Attendance: local(Eddie, Roberto, Oliver, Lola, Andrea, Jamie, Huang, Luca, Harry, Ricardo, Alessandro, Miguel);remote(Rolf, Michael, Jon, Kyle, Daniele, Ronald, John, Christian Sottrup (NDGF) ).

Experiments round table:

  • ATLAS reports -
    • Nov 8th - 9th (Mon, Tue)
      • last night, heavy ion collisions with stable beams, ATLAS in data taking mode.
      • p-p data reprocessing going on at T1s. It's about to submit 3rd batch of jobs to process the data taken during October (~217 TB in total)
    • T0:
      • this night around 4:07 - 4:22 am, we observed many acronjob failures, most probably due to AFS problems. Has CERN observed something? [ Harry. Nothing in morning meeting. Alessandro - have observed also yesterday short glitches, last week too. ]
    • T1s:
      • short SE glitches at INFN-T1 last evening (~6:00 pm CERN time). After the GGUS:64056 opened, problem seemed to be gone. [ Daniele - GGUS ticket solved. In case it comes again please let us know. ]
      • data reprocessing backlog at SARA due to the CE issue reported yesterday. Although the problem was fixed, ATLAS didn't reach reasonable amount of CPU share to catch it up. SARA reconfigured the share so now more jobs are able to run at SARA (thanks for the help). Still watching the progress and preparing alternative plans in case we need it for next batch of data reprocessing.
      • FZK increased the DATADISK space token, 100% ESD replication resumed.
    • T2s:
      • copy-on-demand mechanism for ESD/DESD analysis implemented for UK cloud; therefore auto-replication ESD/DESD stopped
      • keep T2-T2 functional test to CA-ALBERTA-WESTGRID-T2 and CA-VICTORIA-WESTGRID-G2 for debugging the FTS + gridftp door setup that is causing T2-T2 transfer failures in CA cloud.

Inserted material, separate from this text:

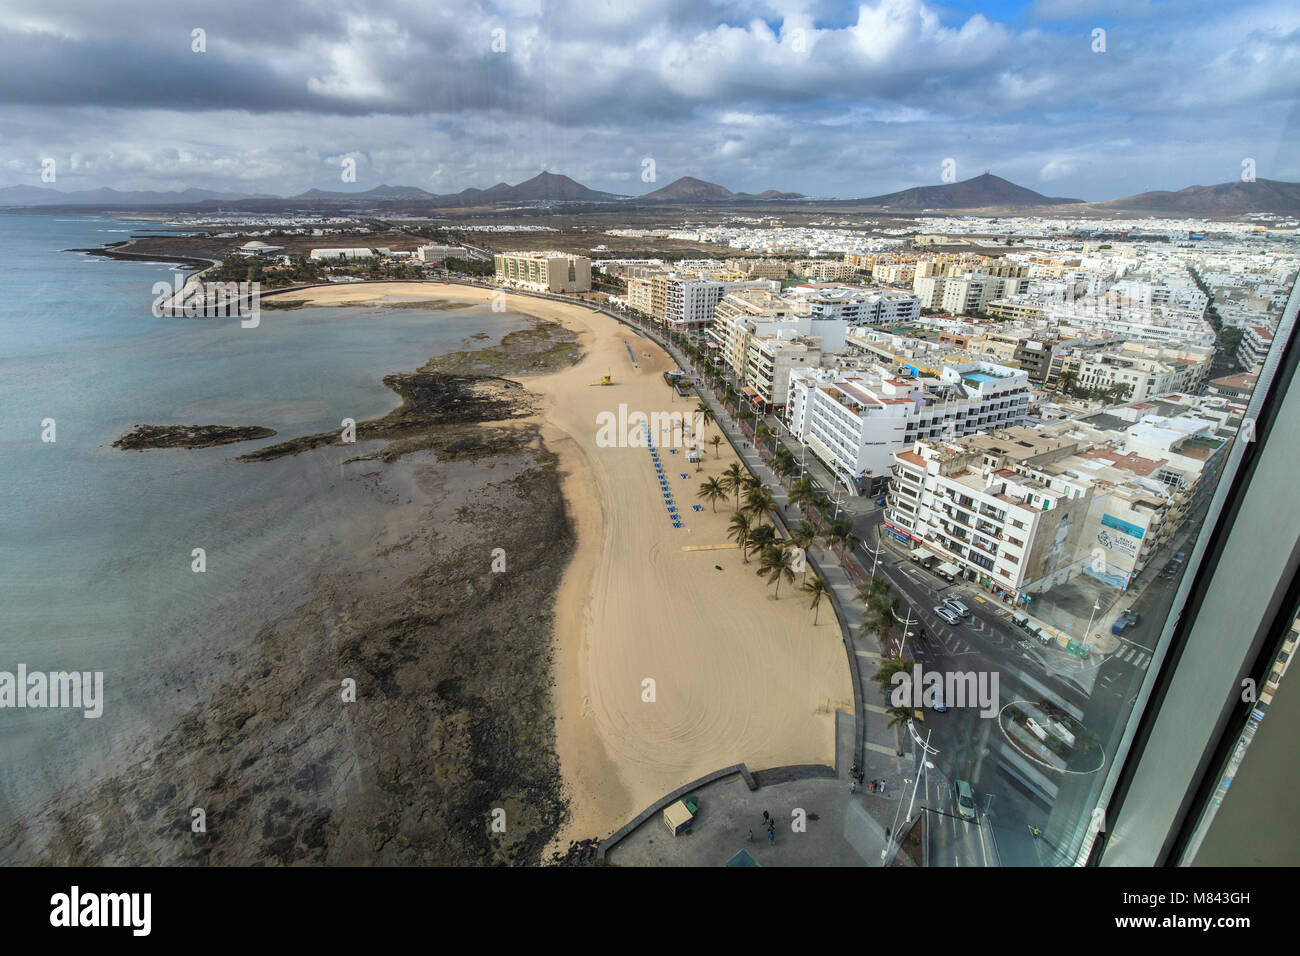 Vista desde el piso 17 del Gran Hotel, Arrecife Lanzarote Foto de stock

  • ALICE reports - GENERAL INFORMATION: The amount of RAW data is still at the level that we can reconstruct all runs Pass1@T0 quasi online and the data replication to T1s can follow the data taking (no backlog). Analysis is ongoing. The MC production has returned to normal.
    • T0 site
      • Nothing to report
    • T1 sites
      • FZK: The disk at SE was full, so it could not store more files. They are working on getting new storage capacity up, so issue will be probably solved by today
    • T2 sites
      • Usual operations

  • LHCb reports - MC campaign still going on, users jobs, reconstruction tail
    • T0
      • GGUS:64043 (opened yesterday). Files could not be accessed. CASTOR support now asking to close it, we still see some failures. Re-checking on our side. [ Miguel - you are seeing timeouts right? In effect the # files being opened and their location on servers is causing users to block each other out. Users see some timeouts - maximum # of connections reached. Roberto - user addressing huge number of files? A: that is a special case - user activity conflicting with each other on default pool. Would be better if user activity could be moved to xroot. Other option is to add some more h/w. This would have more limitations than first option. Roberto - do not have control on users doing analysis using lxbatch. Will encourage usage of xroot. ]
      • GGUS:63933 (opened 5 days ago). Shared area slowness causing jobs to fail. Seems to be understood. Can probably close - just wait to see if there are some more problems in this area.
    • T1 site issues:
      • NTR
      • [ Eddie - still tests timing out with shared area of IN2P3. Both CE and SRM. Still many errors from many tests. Rolf - shared area problem - a lot of things are ongoing there. Have isolated some WNs to see if only LHCb is working on them. Try to simulate heavy load for LHCb setup. On concrete issue mentioned don't know if this has been seen here. Ticket reference? Roberto - no ticket opened on recent SAM failures. Rolf - report at next T1SCM and also MB. ]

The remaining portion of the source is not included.